**Data under study**

=== Section Start ===

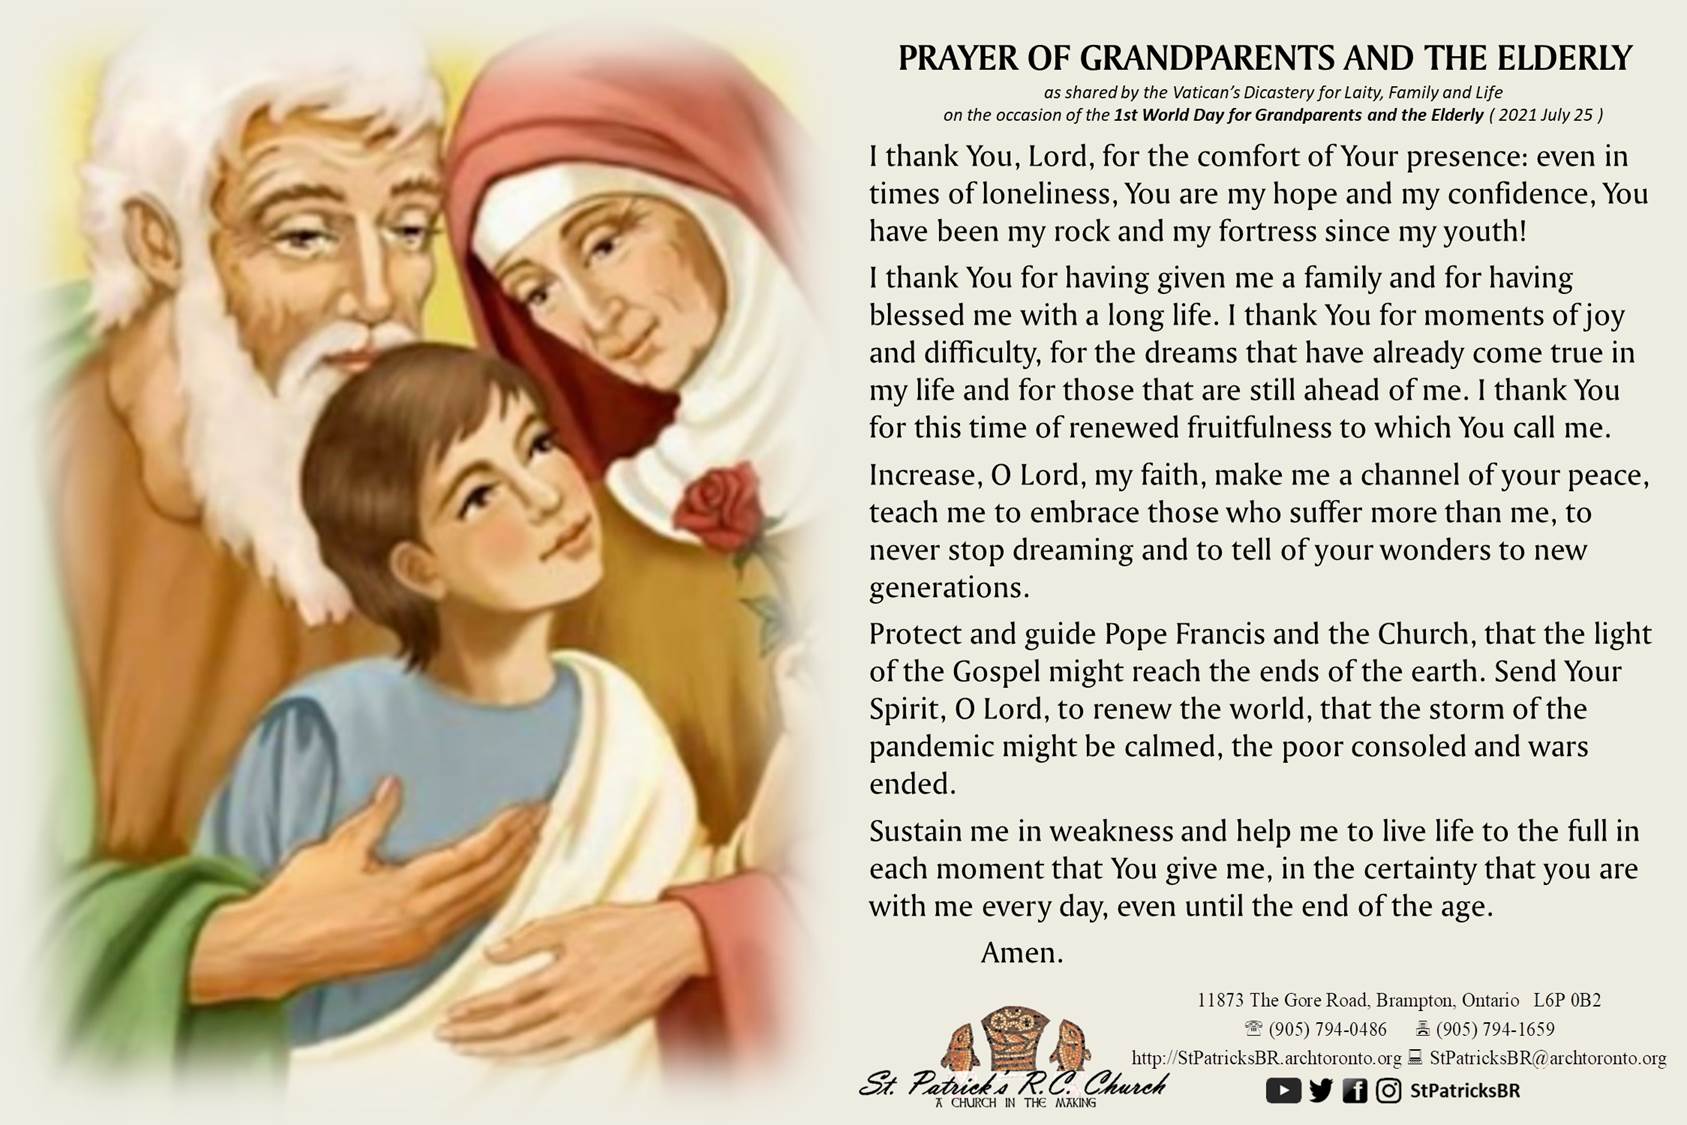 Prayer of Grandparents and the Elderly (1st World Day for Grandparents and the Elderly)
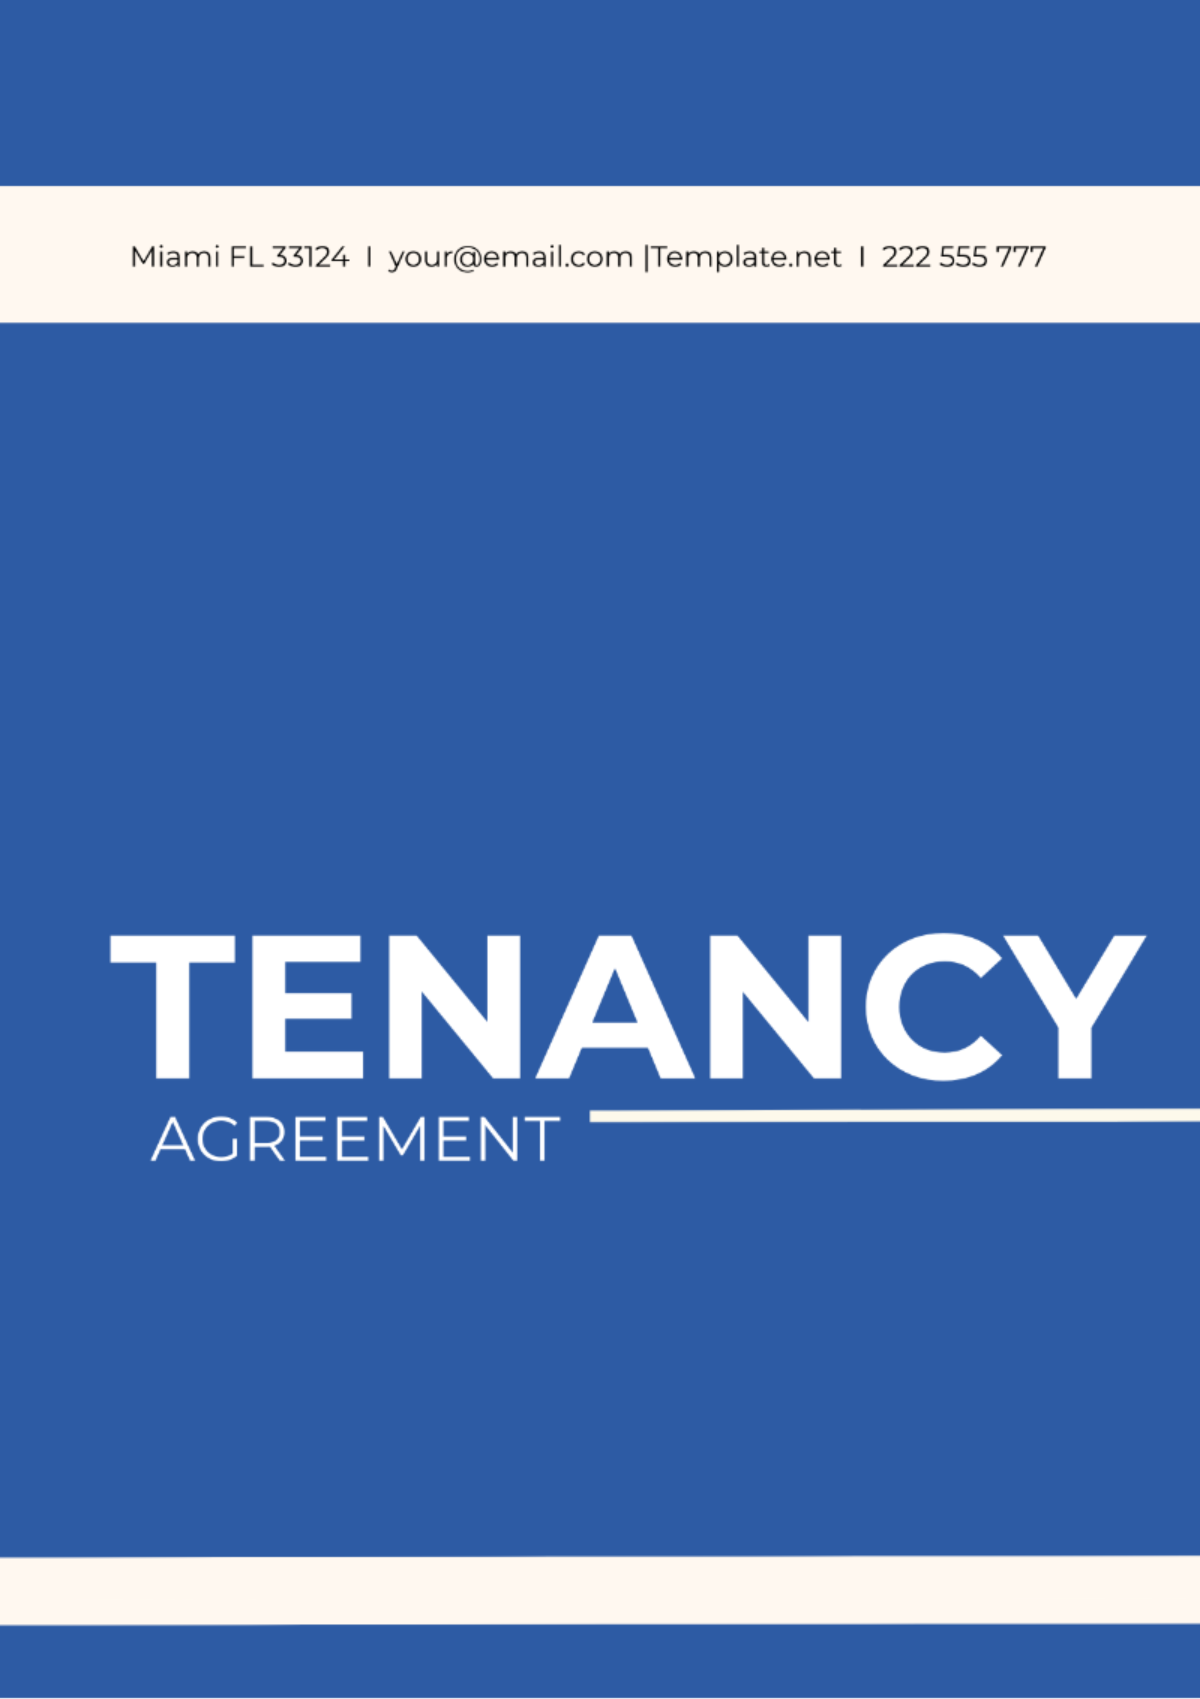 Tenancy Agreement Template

=== Section End ===
=== Section Start ===

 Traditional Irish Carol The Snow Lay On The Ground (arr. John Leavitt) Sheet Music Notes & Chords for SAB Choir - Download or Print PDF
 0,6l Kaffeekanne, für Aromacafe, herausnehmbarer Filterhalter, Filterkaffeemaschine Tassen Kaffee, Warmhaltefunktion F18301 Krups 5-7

=== Section End ===

**Requirement**
Copy only the lines above from the one containing "Prayer of Grandparents" through the one containing "Tenancy Agreement Template", both included. Leave out the pictures.

**Problem solution**
 Prayer of Grandparents and the Elderly (1st World Day for Grandparents and the Elderly)
 Tenancy Agreement Template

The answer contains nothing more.